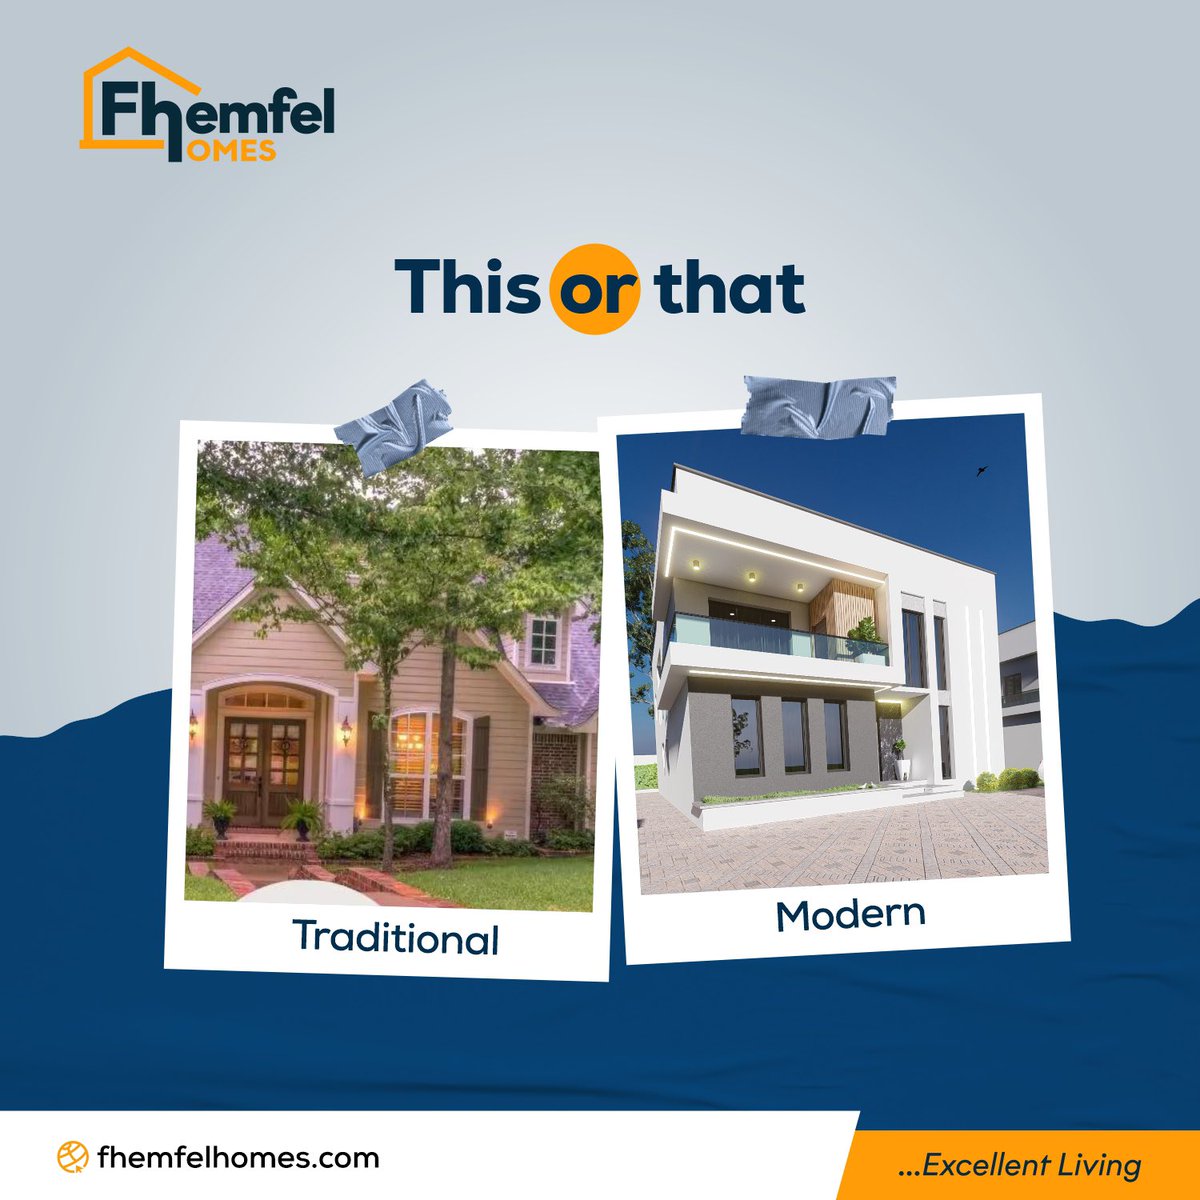 Let’s have some little fun🥳🥳
Which would you rather live in?A Traditional House or a Modern House?

For more enquiries on our services, send us a D.M or contact us:

+234 808 509 9991

#fhemfel #fhemfelhomes #abujarealestate #abuja | Opay | Caramel | Lydia | James Brown | cuppy

|---|

- [WORK INSTRUCTIONS] Could you print the listing above exactly, without the pictures?

- [OUTPUT BELOW]
 Let’s have some little fun🥳🥳
Which would you rather live in?A Traditional House or a Modern House?

For more enquiries on our services, send us a D.M or contact us:

+234 808 509 9991

#fhemfel #fhemfelhomes #abujarealestate #abuja | Opay | Caramel | Lydia | James Brown | cuppy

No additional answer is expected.